Blocks can be garbage collected (only) by reading the list of all present blocks, and then subtracting the ones referenced by any band's index. Anything left unreferenced can be deleted. It's important the operation be done in this order, so that it's safe in the case a band is being written concurrently with the gc operation, or if the filesystem is not quite coherent.

Index hunks

Index hunks contain the name and metadata of a stored file, plus a reference to the data hunks holding its full text.

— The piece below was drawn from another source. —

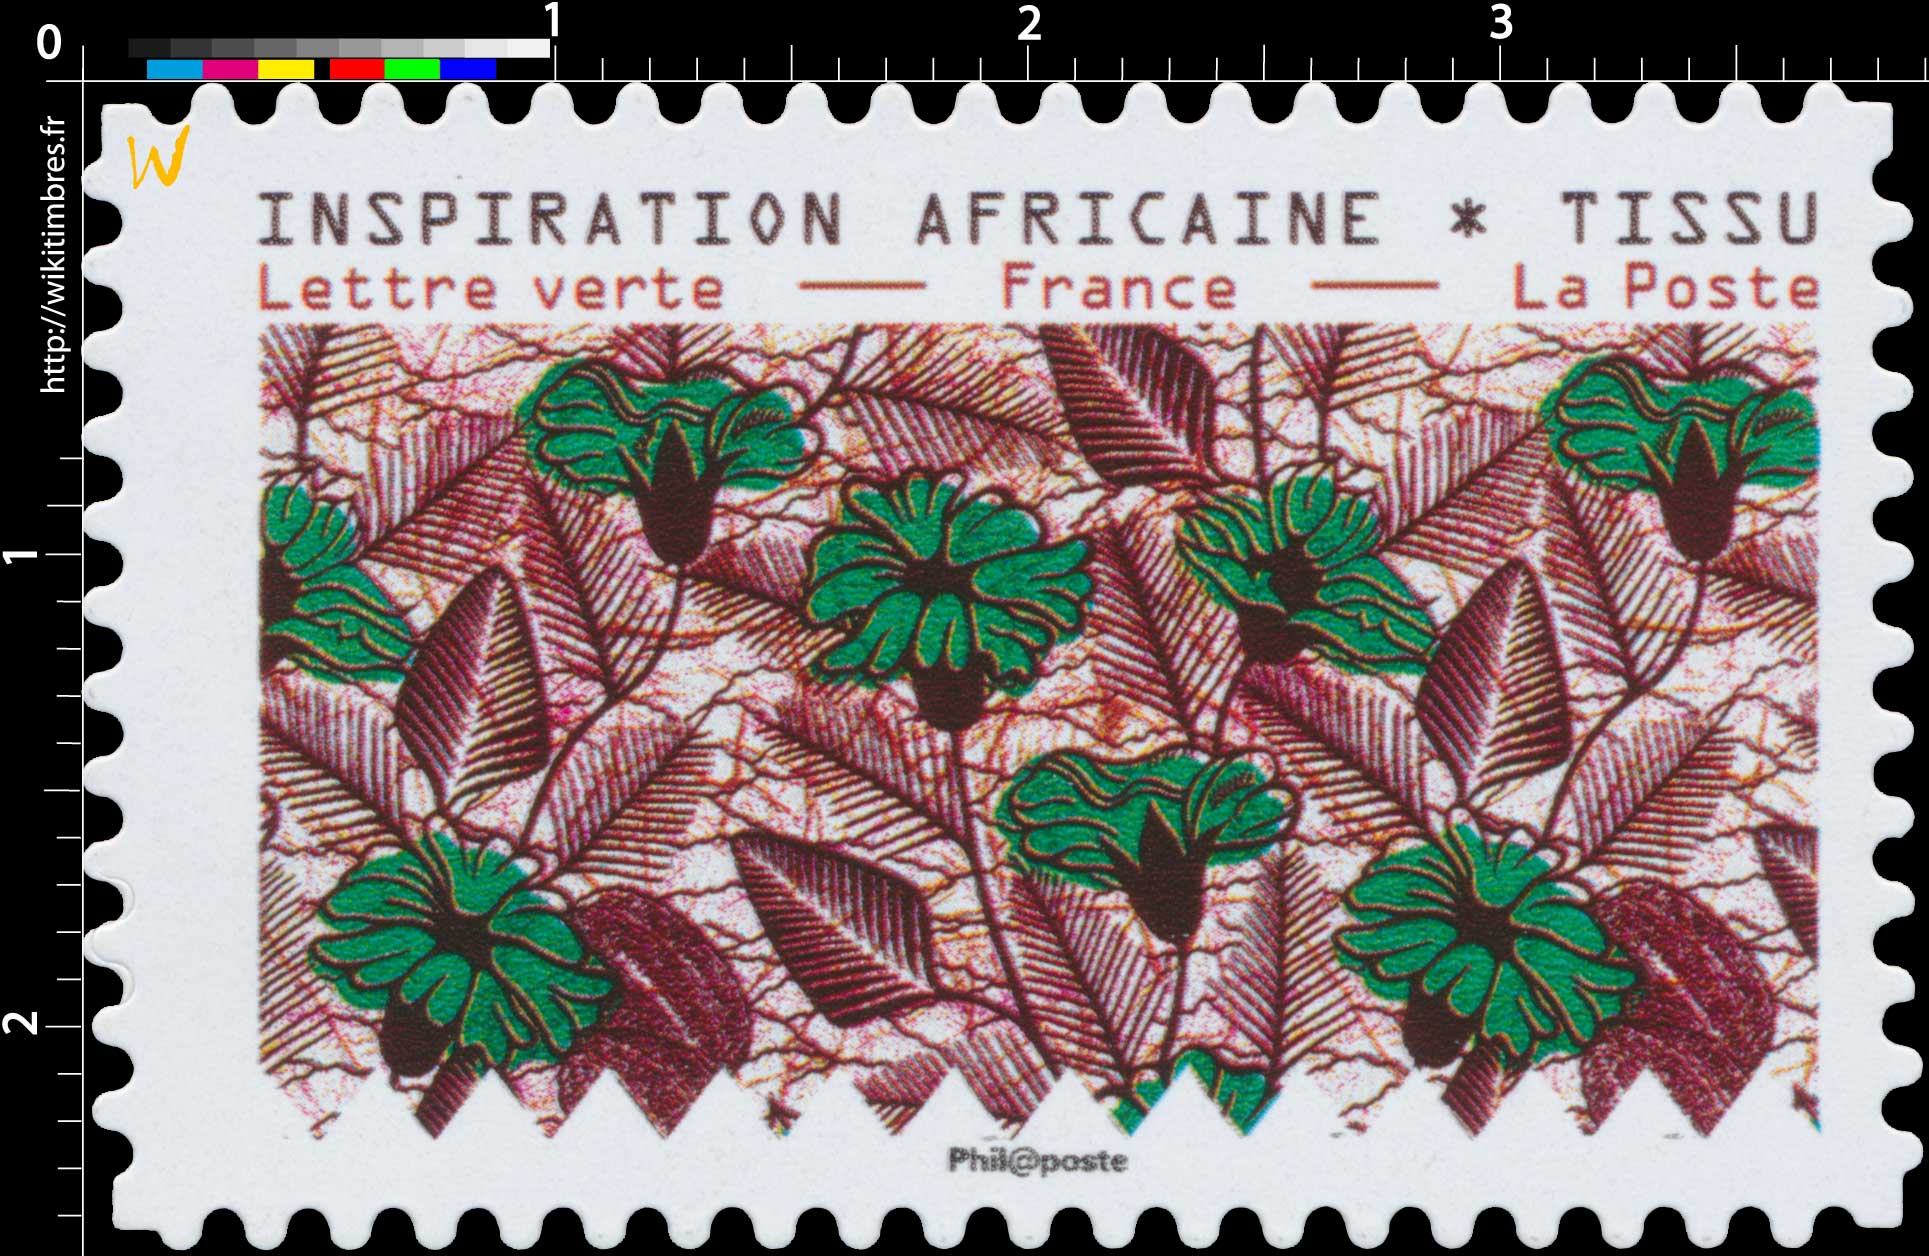 2019 Tissus motifs nature - INSPIRATION AFRICAINE

Index hunks are named with decimal sequence numbers padded to 9 digits.

Index hunks are stored in an i/ subdirectory of the band, and then in a subdirectory for the sequence number divided by 10000 and padded to five digits. So, the first block is i/00000/000000000.

Index hunks are stored in json and also Snappy compressed.

Stored files are in order by filename across all of the index hunks within a band.

The number of files described within a single index hunk file is arbitrary and may be chosen to control the number of outstanding data blocks or the length of the index hunk.

The uncompressed index hunk contains a json list each element of which is a dict of

  • apath: the name of the file
  • mtime: in seconds past the unix epoch
  • ownership, permissions, and other filesystem metadata
  • kind: one of "File", "Dir", "Symlink"
  • deleted: true if it was present in a parent band and was deleted in this band
  • addrs: a list of tuples of:
    • hash: data block hash: from the current or any parent directory
    • start: the offset within the uncompressed content of the block for the start of this file
    • length: the number of bytes of uncompressed data block content to store in this file target: For symlinks, the string target of the symlink.

So, the length of any file is the sum of the length entries for all its addrs.